A chalazion happens more often in adults than children. They are more likely to occur in patients with

  • Chronic eyelid problems and inflammation, such as blepharitis

  • Skin conditions like seborrheic dermatitis or acne rosacea

  • Have other health conditions like diabetes

  • Have had chalazia before

To prevent these from happening, keep your eyelids and eyelashes clean. There are some good products that can be used for this, including Ocusoft lid scrubs and Optase lid scrubs. Never touch your eyes with dirty hands. Also, a few studies have found a possible correlation with the use of Omega 3 vitamins (Fish Oil) and less chance of hordeola and chalazia. 

How are they diagnosed? 

Hordeola and chalazia are only properly diagnosed by an eye specialist. During your medical examination at Visualeyes, our optometrists will take a comprehensive look at your eyelids and surrounding structures to determine the diagnosis and best treatment option for you. 

How are they treated? 

For both conditions, warm compresses should be applied to the area for 20 minutes two to three times a day. This 20 minutes should be performed with as much constant heat as possible, making warm washcloths not the best options. Either use a warm compress made specifically for the eyes that can be purchased at Visualeyes Optometry or local pharmacies, or a warm hard boiled egg that is wrapped in a cotton towel (which sounds strange, but it works very well!)

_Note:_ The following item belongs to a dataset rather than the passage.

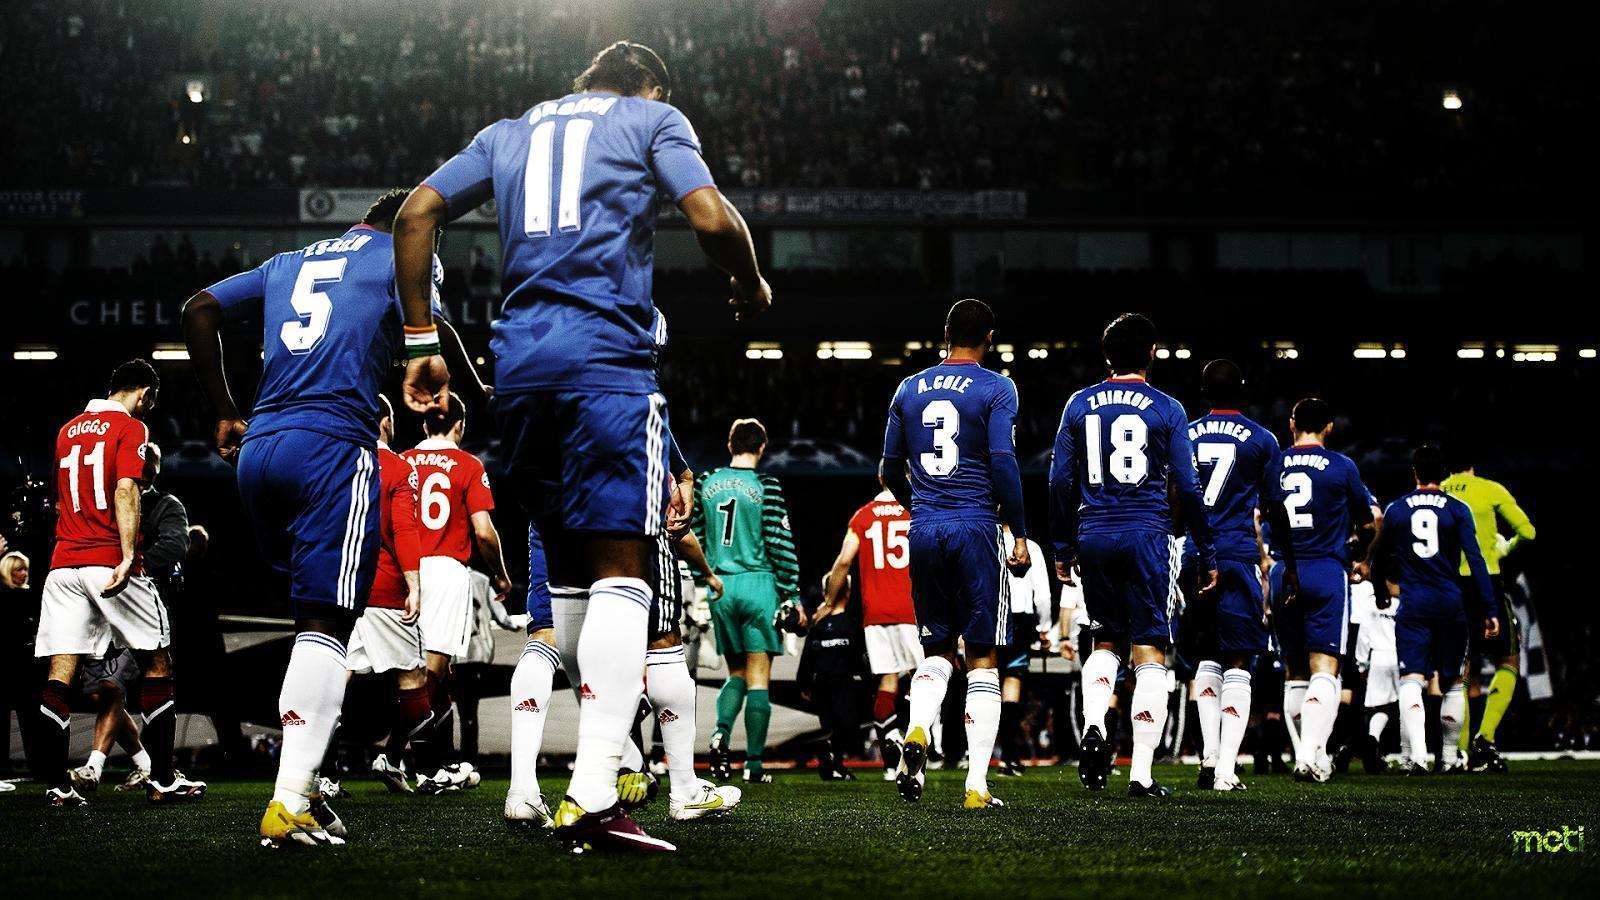 Chelsea Football Club Wallpaper | Football Wallpaper HD

The compresses should be followed by lightly massaging the area with clean hands for about thirty seconds. Sometimes antibiotic ointments made specifically for the eye need to be applied after this. 

If the bumps do not get better after a period of time, our optometrist can refer you to the correct ophthalmologist to perform a either a steroid injection or a small surgical incision to remove the contents of the chalazion. 

What is the prognosis for them? 

Hordeola and chalazia generally respond well to treatment, although some patients are prone to recurrences. If a chalazion recurs, your optometrist may suggest a biopsy to rule out any other serious problems.